Three broadcasters killed in eleven days
CMFR/Philippines – A radio blocktimer was shot dead in Tagum City, Davao del Norte province, on 11 December 2013. He was the third broadcaster killed in the last eleven days.
Tagum City in the Mindanao island group is some 1,400 kilometers south of Manila.
Rogelio “Tata” Estrada Butalid was in front of the Radyo Natin radio station where he worked, and was about to go home after his blocktime radio program when two men on a motorbike stopped near him. The back-rider alighted from the vehicle and shot Butalid at close range.
The Tagum City police said witnesses heard six gun shots.
Butalid hosted the blocktime radio program “Ang Kamatuoran” (The Truth), which aired on Radyo Natin Tagum 107.9, at 8 to 9 a.m., weekdays.

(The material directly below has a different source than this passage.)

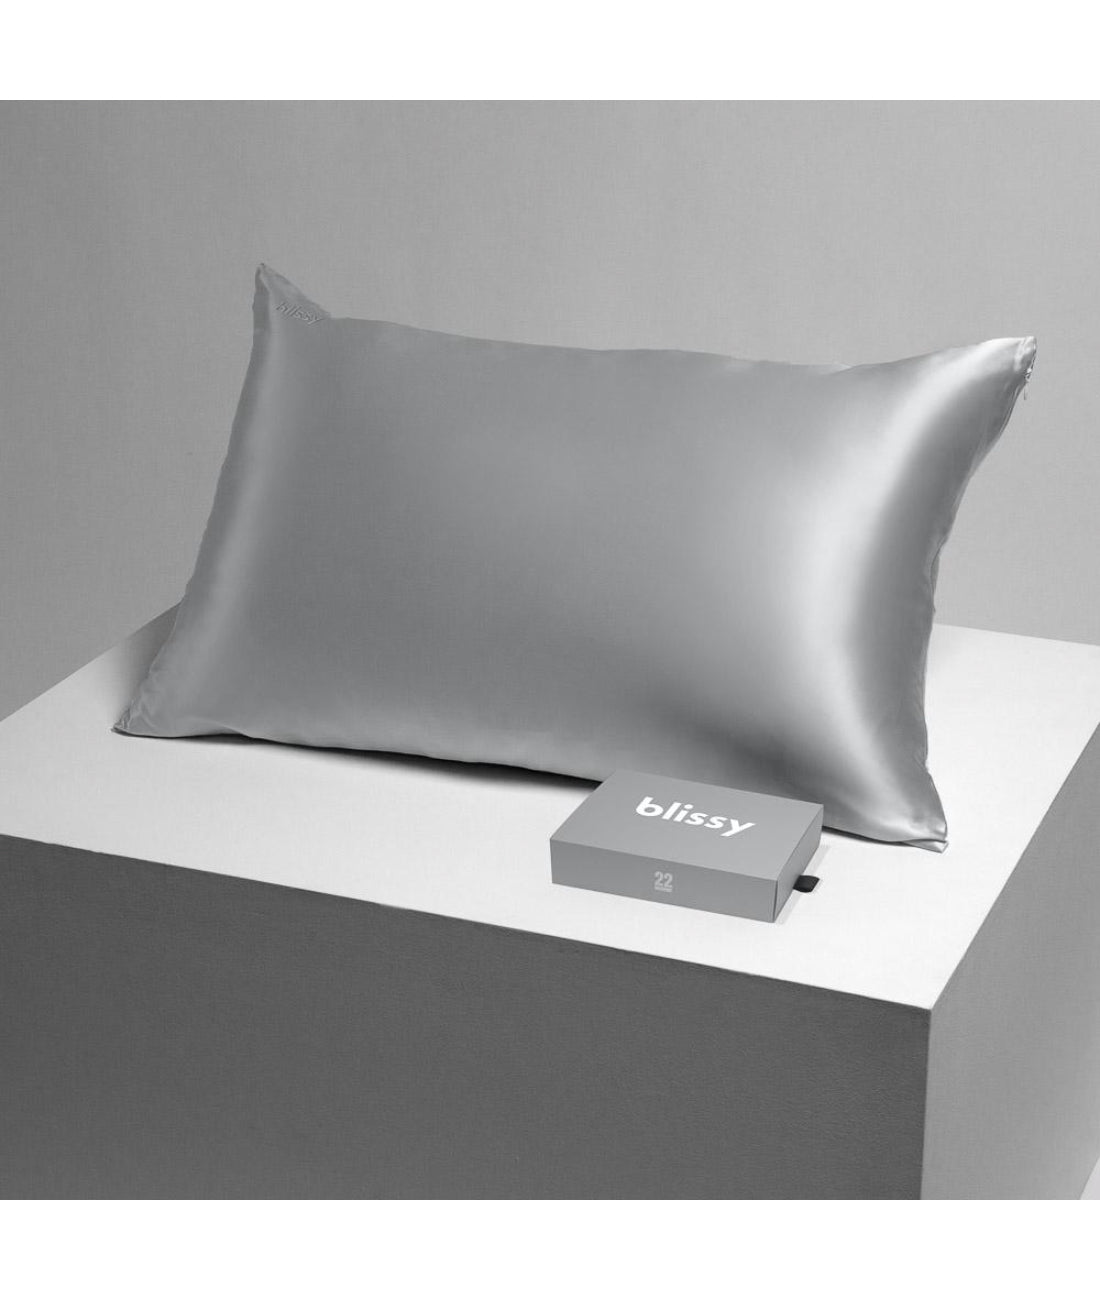 Blissy Pillow Case - Silver

Radyo Natin Tagum station manager Elmer Tandoc told CMFR that Butalid last discussed on the air the conflict between two electric cooperatives in the province.

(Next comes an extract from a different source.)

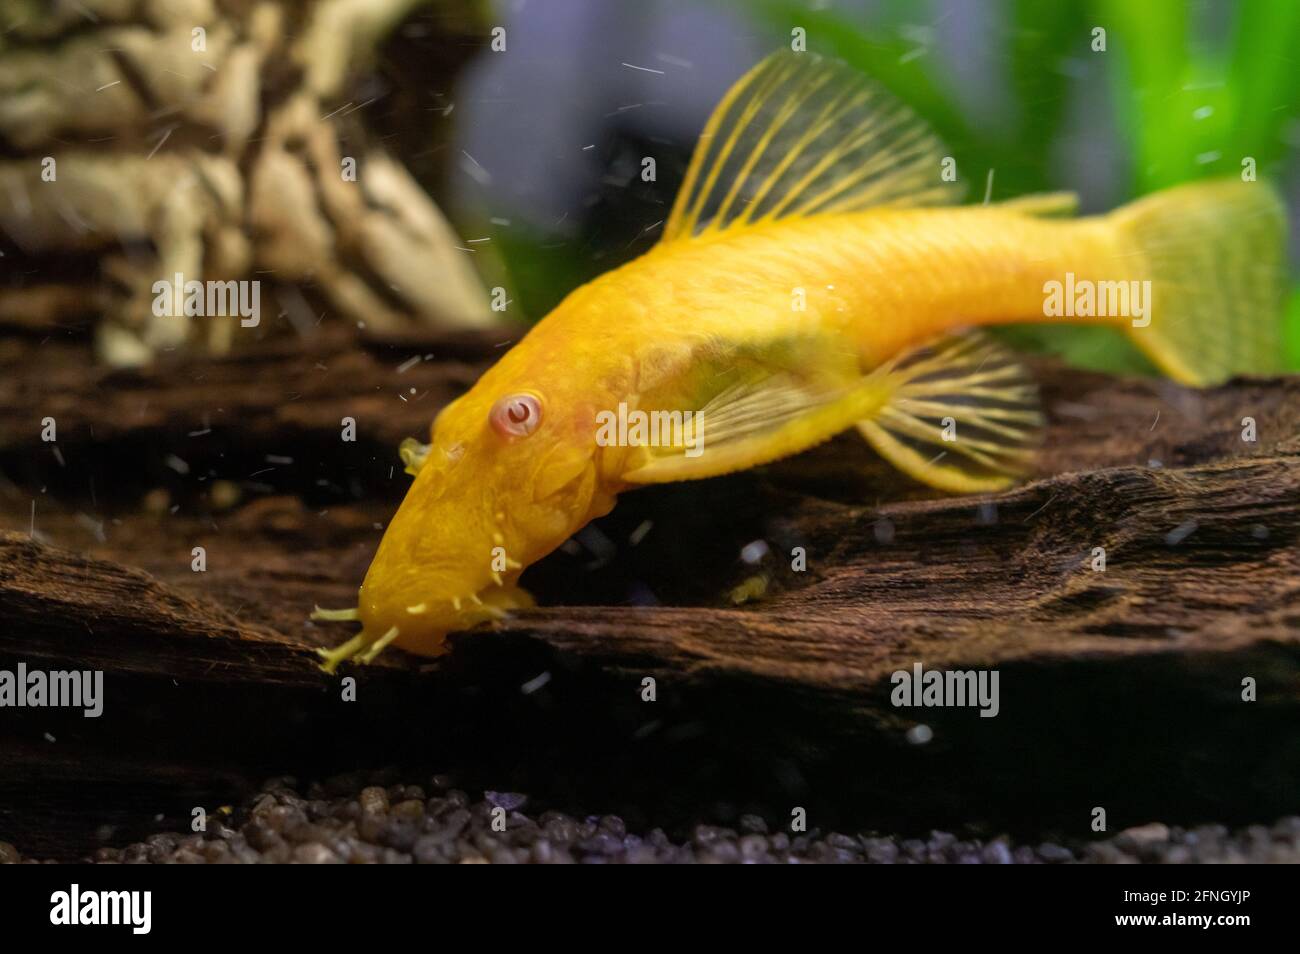 Closeup shot of a beautiful Ancistrus Gold fish swimming underwater Stock Photo

Butalid’s program was sponsored by one of these two cooperatives, the DANECO-NEA, Tandoc said.
Butalid was also on his third and last term as village councilor in Barangay (village) Mankilan, confirmed Tandoc and the police.
But Butalid had been working in the radio industry since he was 17, Tandoc added.
Two other radio broadcasters were killed in the last eleven days. Joash (Joas) Dignos was killed on 29 November 2013 in Bukidnon province and Michael Diaz Melo (Mike Milo) on 06 December 2013 in Surigao del Sur.
The killings came in the heels of Presidential Communication Operations Office Secretary Herminio “Sonny” B. Coloma Jr.’s saying during a 22 November press briefing that “Siguro naman po, makatwirang sabihin na sa kasalukuyan ay hindi na po umiiral iyan (Maybe, it’s justified to say that there is no more impunity.).”
But after the killings, Coloma denounced the killing of Dignos, and later, that of Melo.
Butalid was the 22nd journalist/media worker killed in the line of duty in the Philippines under the administration of President Benigno Aquino III, and the 11th this year.